With violation of the Volstead Act becoming more commonplace, Congress in 1929 adopted the so-called Jones Five-and-Ten Law, increasing penalties for first offenses to five years in prison, a $10,000 fine, or both. Even these severe consequences did not induce compliance with the law, and thus pressures on the judicial and prison systems increased. As the nation entered the Great Depression, Volstead Act enforcement began to drop off.

ENDING NATIONAL PROHIBITION

In 1932 the Democratic Party platform endorsed the repeal of Prohibition. In February of 1933, following a sweeping Democratic victory the previous November, a bipartisan two-thirds majority of the outgoing Congress proposed a repeal amendment. Before any states had acted to ratify the amendment, the new Seventy-Third Congress overwhelmingly endorsed a proposal by the Franklin Roosevelt administration to change the Volstead Act definition of intoxicating beverage to allow manufacture and sale of beer at a low 3.2 percent alcohol. Put into effect on April 7, 1933, the Beer Bill was celebrated as the end of the Volstead Act's heavy-handed "bone dry" Prohibition. On December 5, 1933, the Twenty-First Amendment was ratified, finishing the dismantling of the National Prohibition Act.

See also: Mann Act.

BIBLIOGRAPHY

Blocker, Jack E., Jr. American Temperance Movements: Cycles of Reform. Boston: Twayne, 1989.

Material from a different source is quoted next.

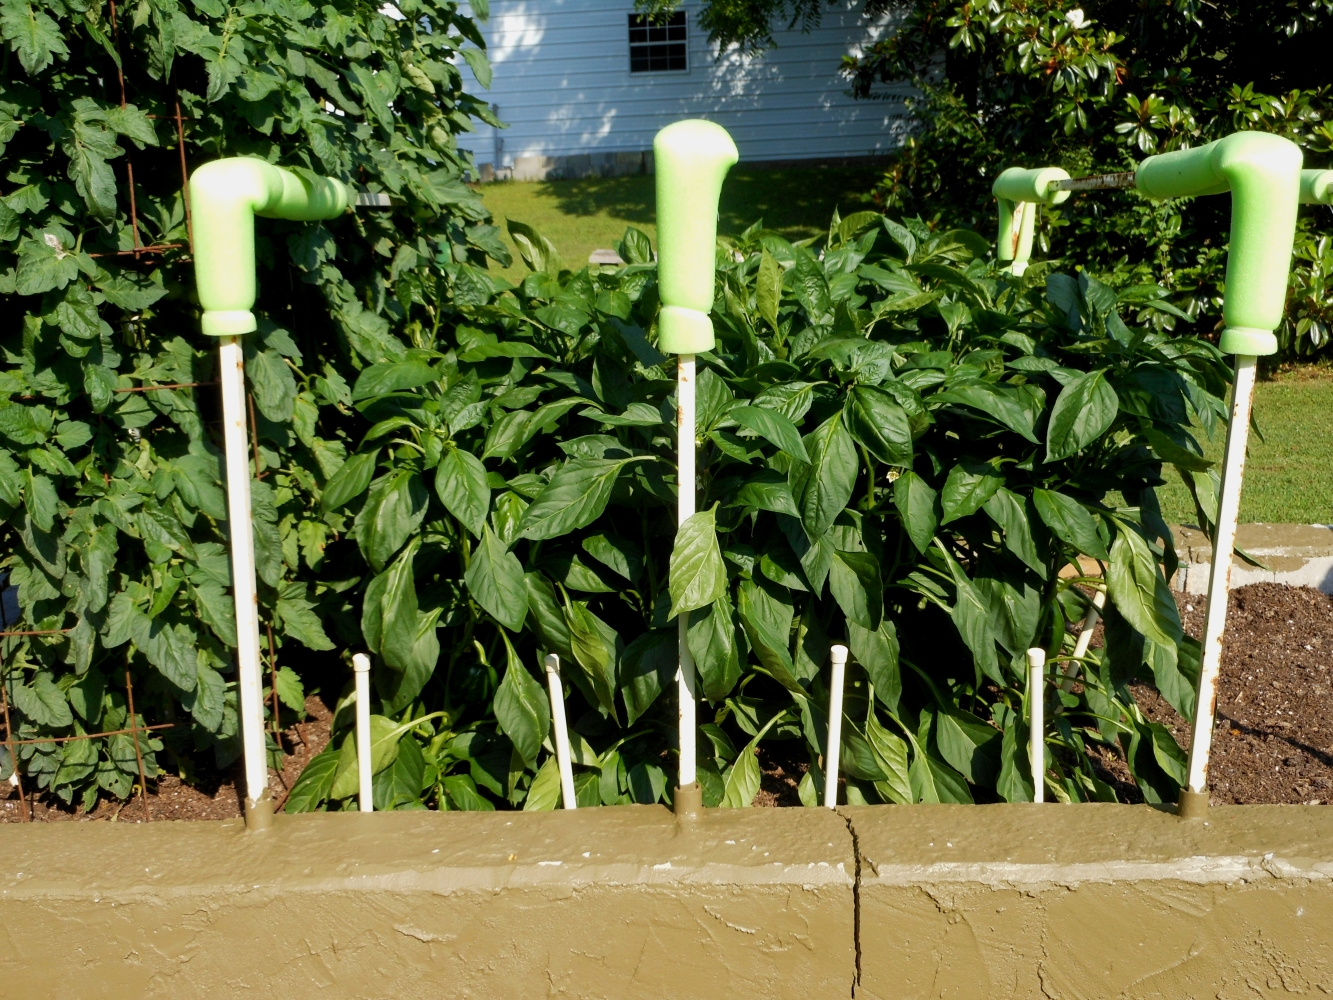 06-15-14_Bell_Pepper_Plants_01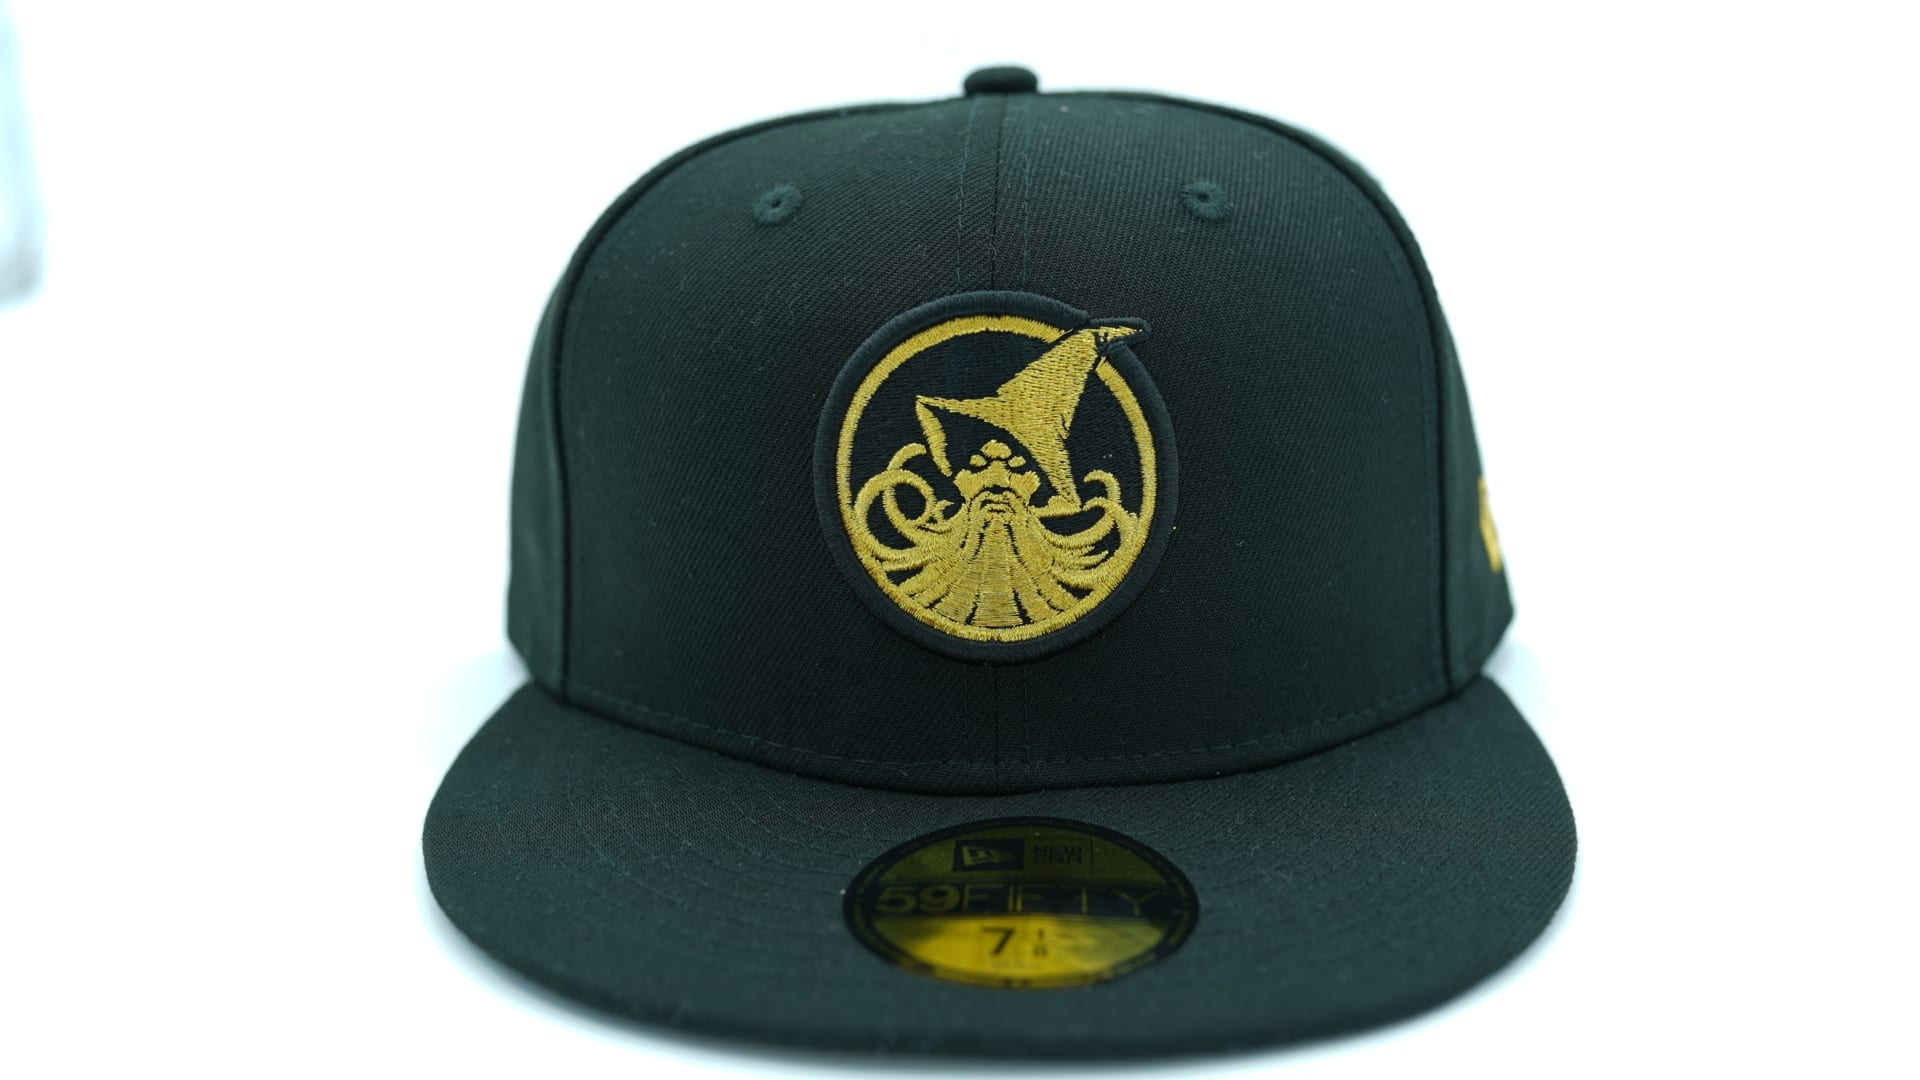 golden state warriors throwback fitted baseball cap reebok crossfit hat black hockey

Hallwas, John E. The Bootlegger: A Story of Small Town America. Urbana: University of Illinois Press, 1998.

Hamm, Richard F. Shaping the Eighteenth Amendment: Temperance Reform Legal Culture, and the Polity, 18801920. Chapel Hill: University of North Carolina Press, 1995.

Hamm, Richard F. "Short Euphorias Followed by Long Hangovers: Unintended Consequences of the Eighteenth and Twenty-first Amendments." Unintended Consequences of Constitutional Amendment. Ed. David E. Kyvig. Athens: University of Georgia Press, 2000.

Kyvig, David E. Repealing National Prohibition, 2d ed. Kent, OH: Kent State University Press, 2000.

Murchison, Kenneth M. Federal Criminal Law Doctrines: The Forgotten Influence of National Prohibition. Durham, NC: Duke University Press, 1994.

Pegram, Thomas R. Battling Demon Rum: The Struggle for a Dry America. Chicago: Ivan R. Dee, 1998.

Solomon, Rayman L. "Regulating the Regulators: Prohibition Enforcement in the Seventh Circuit." In Law, Alcohol, and Order: Perspectives on National Prohibition., ed. David E. Kyvig. Westport, CT: Greenwood, 1985.

Al Capone

During Prohibition, the bootleg distribution of "demon rum" became a multimillion-dollar business, making notorious gangsters into very rich men. The most famous of these was Al Capone, a ruthless criminal whose larger-than-life persona and generosity toward those in need nevertheless endeared him to the public. Based in Chicago, Capone commanded a powerful organization that stretched as far as New York, dominating the bootleg liquor trade by bribing politicians and police and murdering rivals. He was the acknowledged mastermind behind the St. Valentine's Day Massacre, in which his partner, Jack McGurn, took revenge on a rival who had tried to kill him. Disguising his men as police officers, McGurn staged a raid on the rival's bootleg operation and slaughtered seven members of the rival's gang, who had thought they were being arrested. The resulting notoriety brought attention from the administration of President Herbert Hoover and the Justice Department, which selected Eliot Ness to bring Capone to justice. As Ness made strides against Capone, the gangster counterattacked with more bribery and violence. By the time Ness had secured indictments against Capone and his associates for Prohibition violations, the Treasury Department had also obtained indictments for tax evasion, and it was on the latter charge that Capone was eventually convicted and sentenced to eleven years in prison. When he was released, after serving eight years of his sentence, Capone's organization and health were both in ruins, and he died of syphilis in 1947. The power of his image remained undiminished, however, and he was immortalized in books, movies, and comic strips as the iconic American gangster.